Week 4 of #2013alive focuses getting some nutrition help from supplements.
Congratulations—you’ve made it to week 4 of our January 12 Months of Wellness. So far, we’ve had a balanced breakfast every day, cut out the bad, and added in the good. This week, it’s all about getting an extra helping hand … in the form of supplements.
While supplements are certainly not a replacement for a healthy diet, they can help us when we need an additional nutritional boost. This can be when we’re following a specialized diet (such as vegetarianism), when we’re busy and our schedules don’t always allow for a perfect diet, or when we have specialized dietary needs or concerns. And with omega-3 fatty acids, multivitamins, antioxidants, fibre, and many, many more supplements at your local health food store to choose from, there’s something for everyone.

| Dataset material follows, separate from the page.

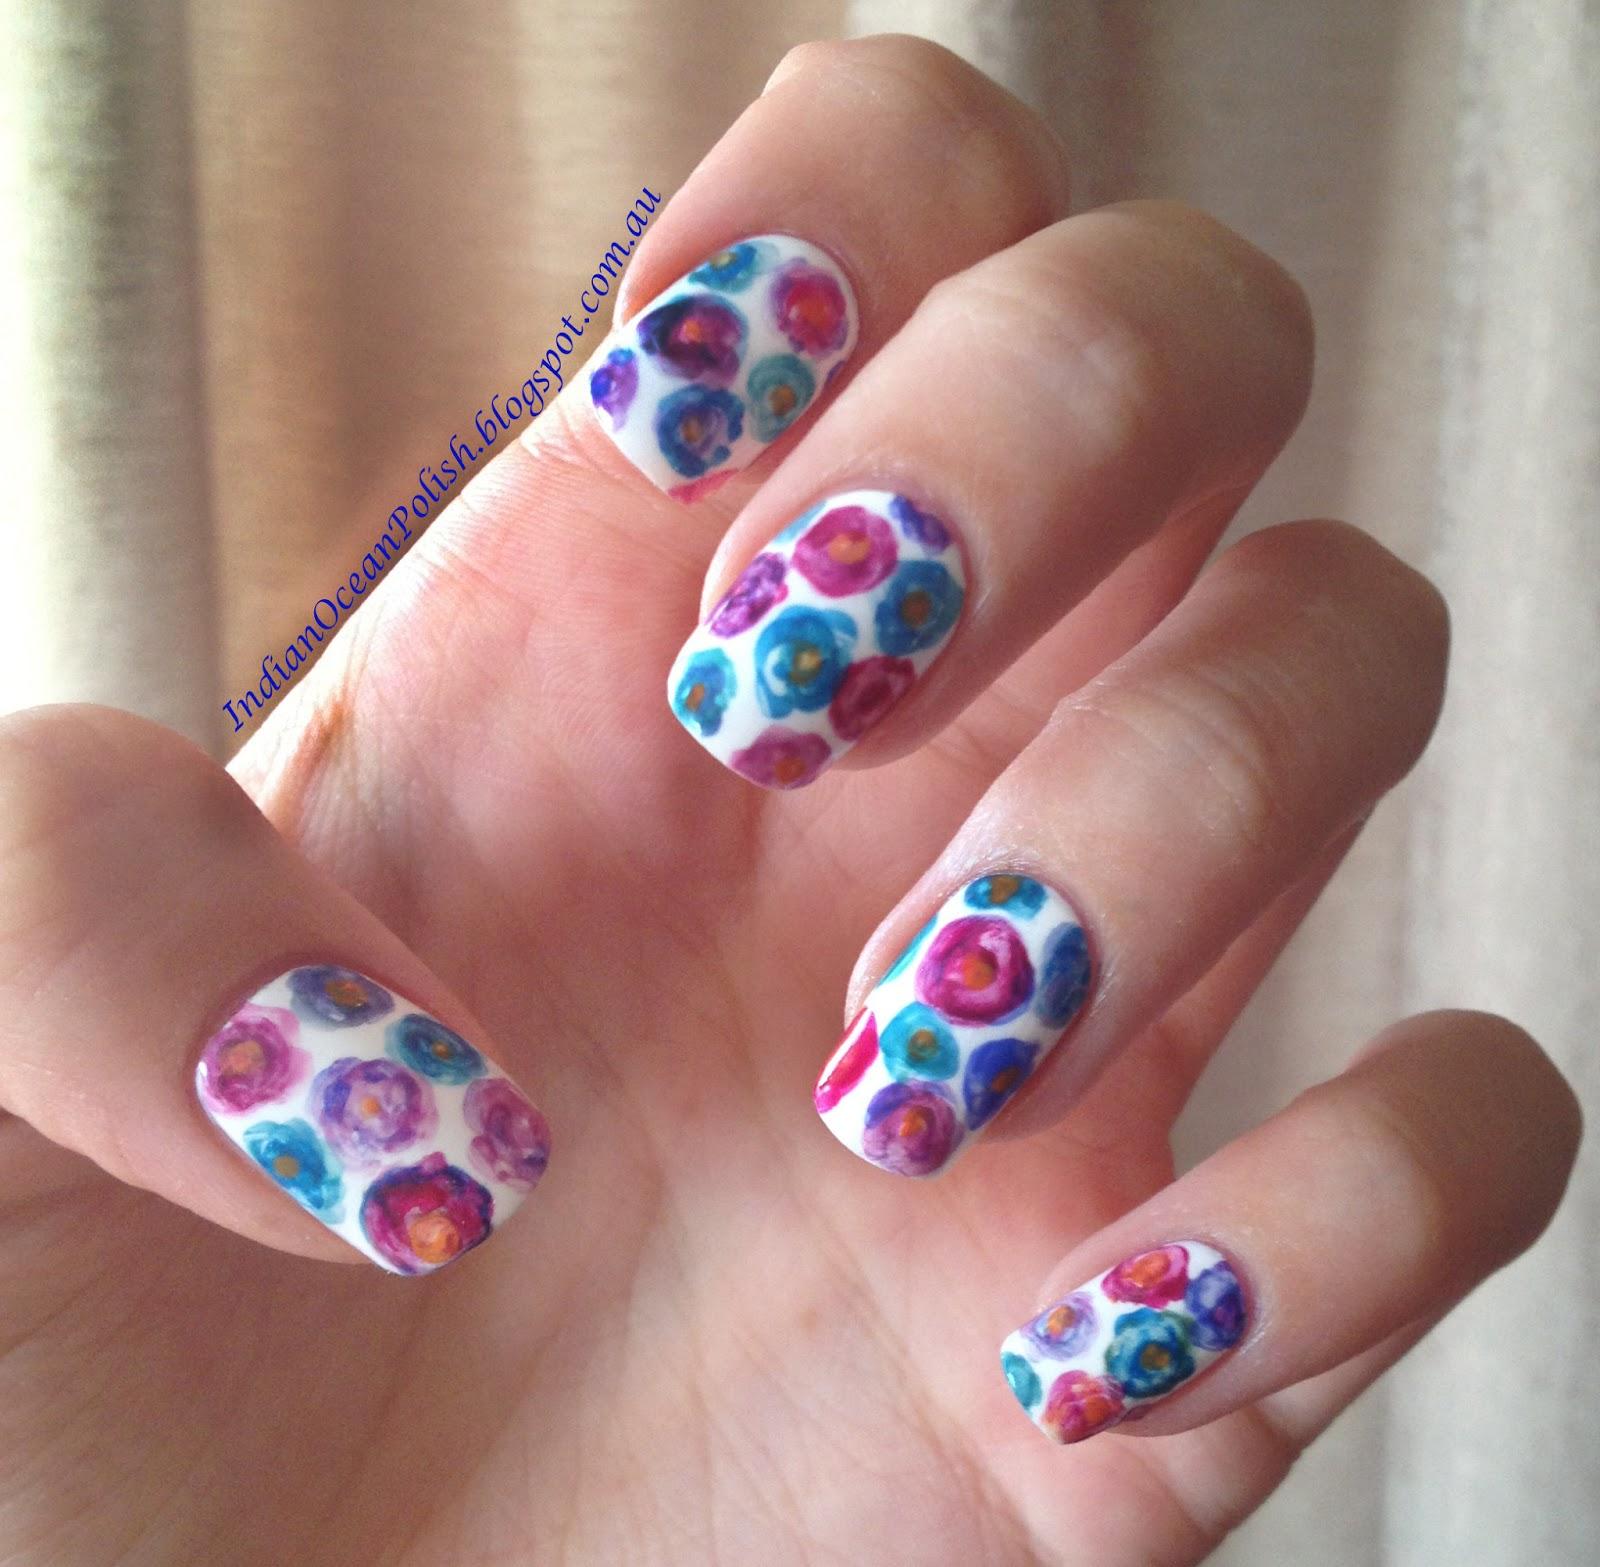 Indian Ocean Polish: Simple Watercolour Flower Nail Art
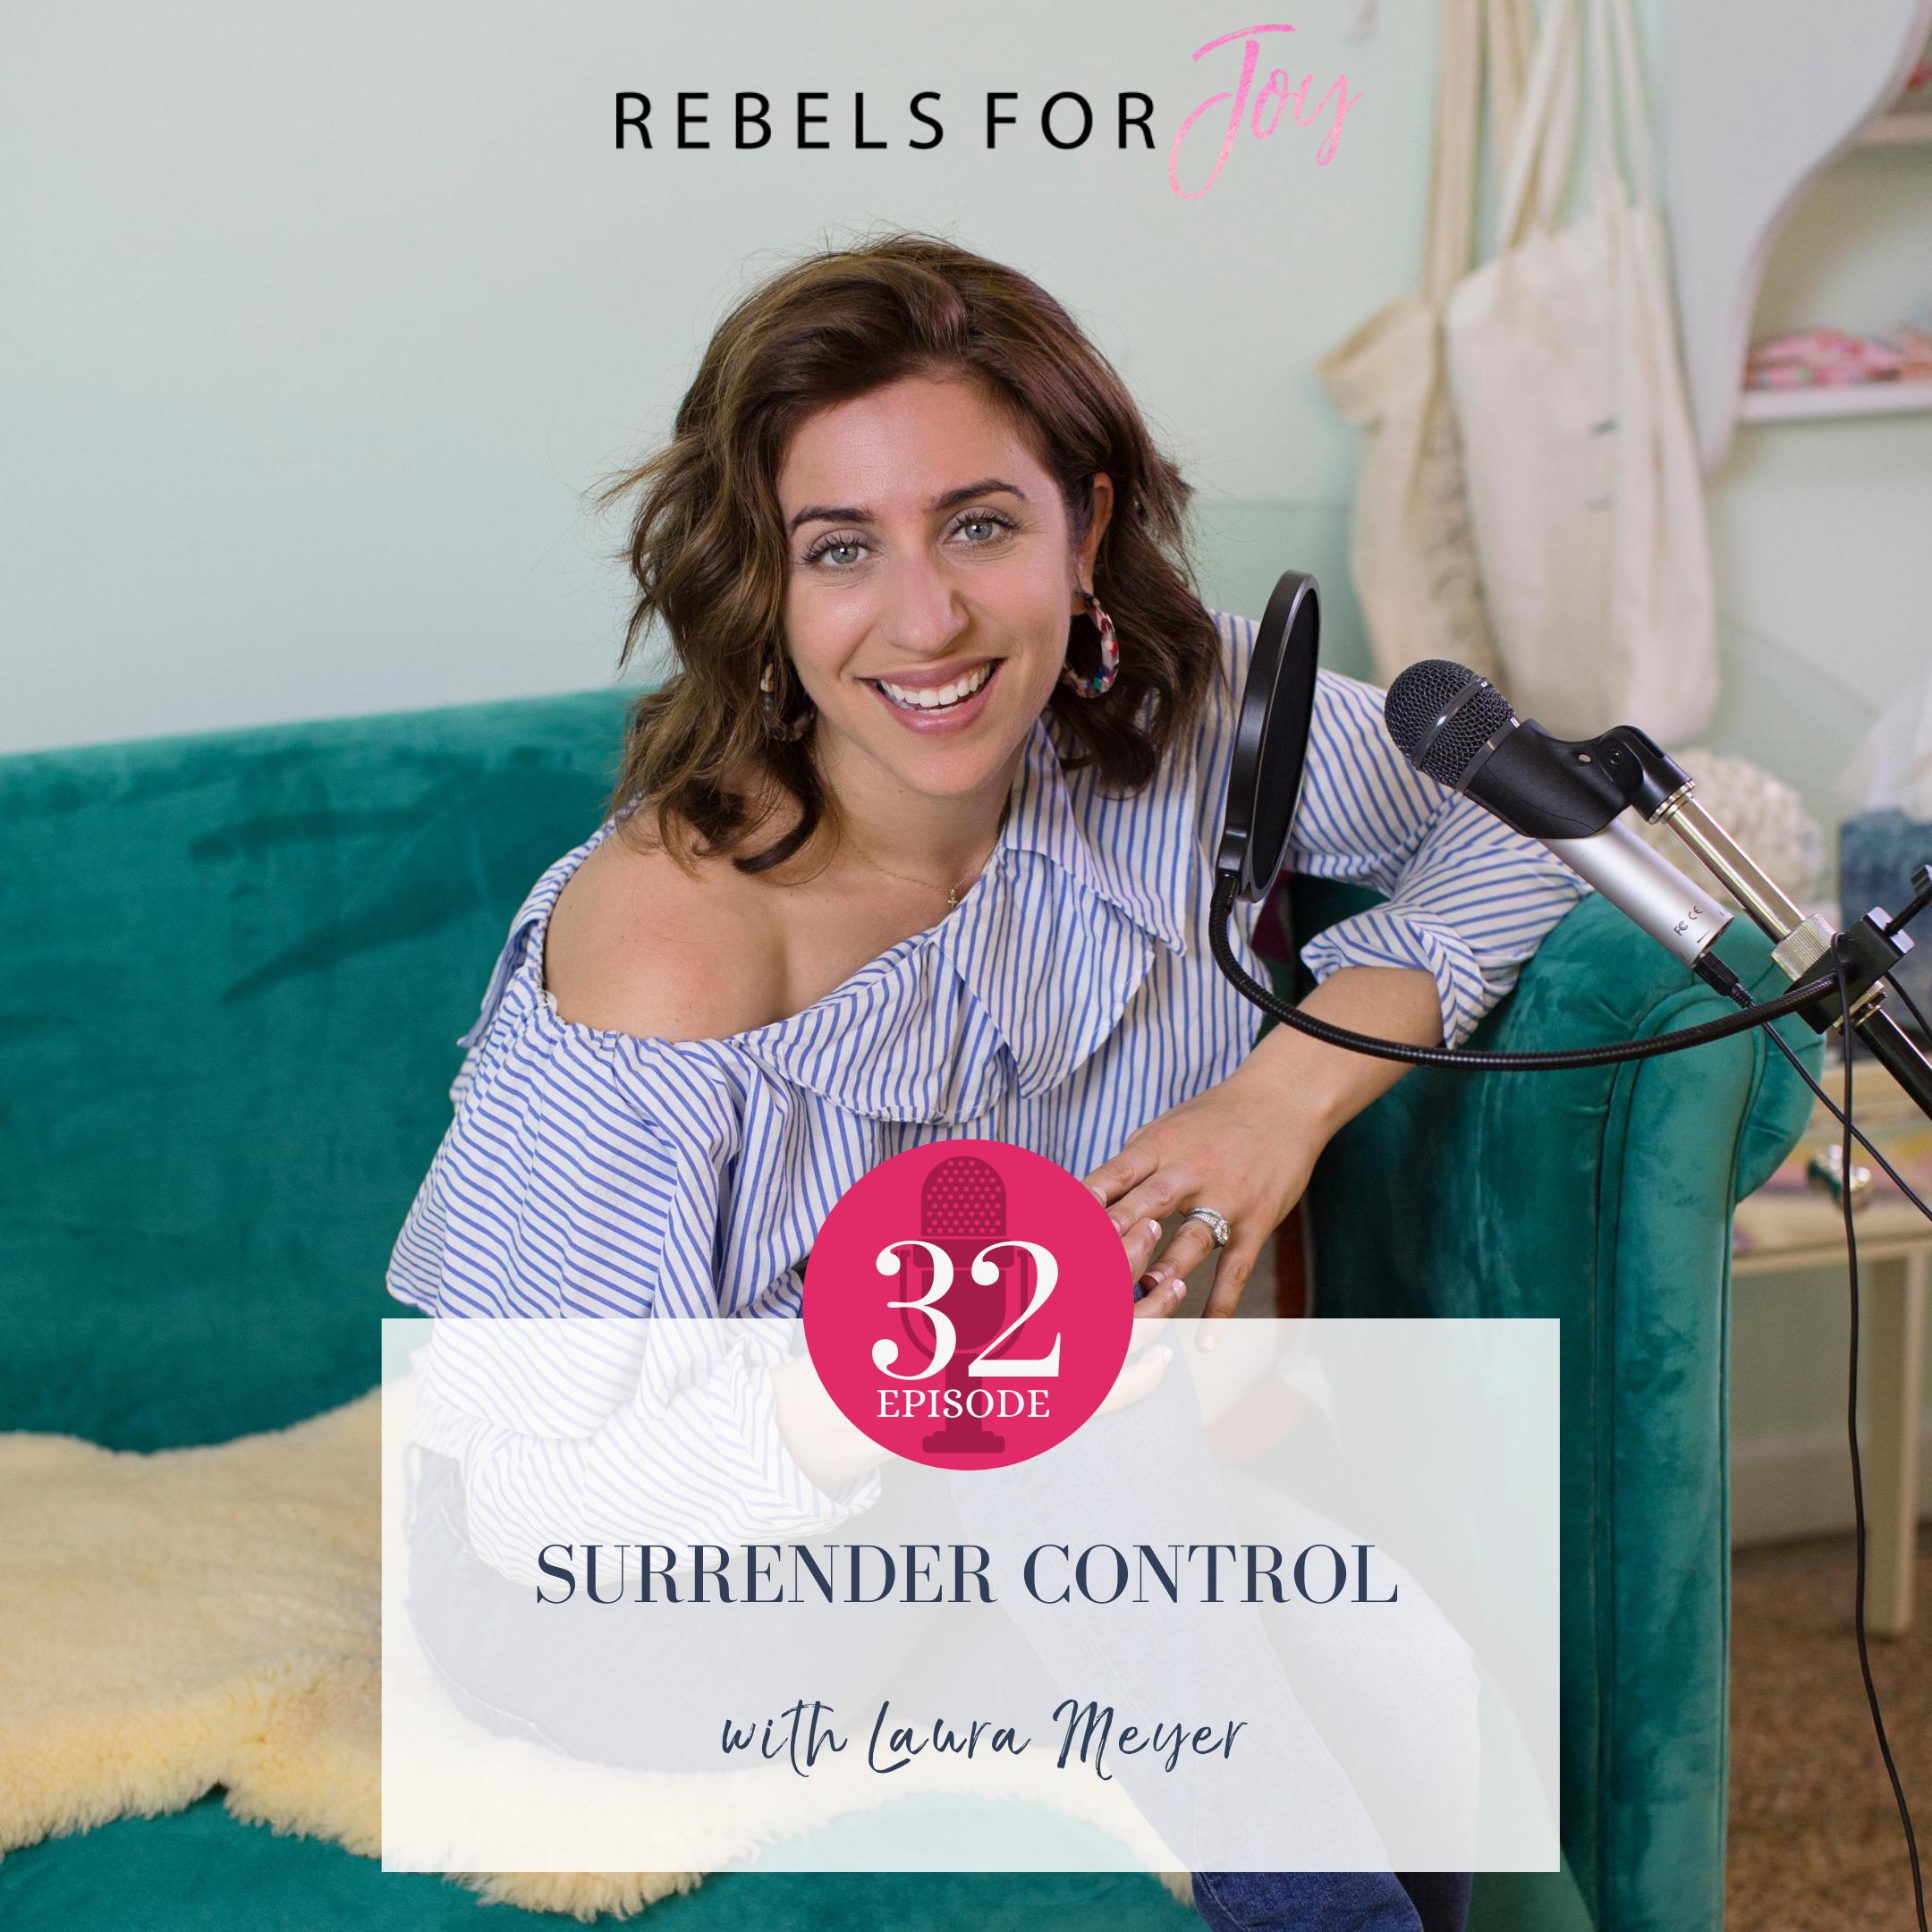 Episode 32: Surrender Control feat. Laura Meyer

Of course, not every supplement is right for everyone, so check with your health care practitioner to be sure.
What I’m up to this week
I have a confession: I have a few supplement bottles in a drawer at my desk, and more often than not, I completely forget to take them. Ooops! So this week will be all about remembering to take my supplements every day.
My favourite supplement (especially this time of year) is vitamin D. Known for its potential anticancer, mood-boosting, immune-strengthening, and bone-building properties, vitamin D should be a mainstay in our diets.
However, it’s tricky to get: some foods are fortified, but the only foods that naturally contain vitamin D are fish, liver, and egg yolk. Plus, although we can obtain vitamin D from the sun, it’s nearly impossible to get enough in the winter (especially in Northern countries such as Canada!). Because of these factors, the Canadian Cancer Society recommends that Canadian adults take a 1,000 IU supplement in the fall and winter.
What are you up to this week? What are your supplement goals?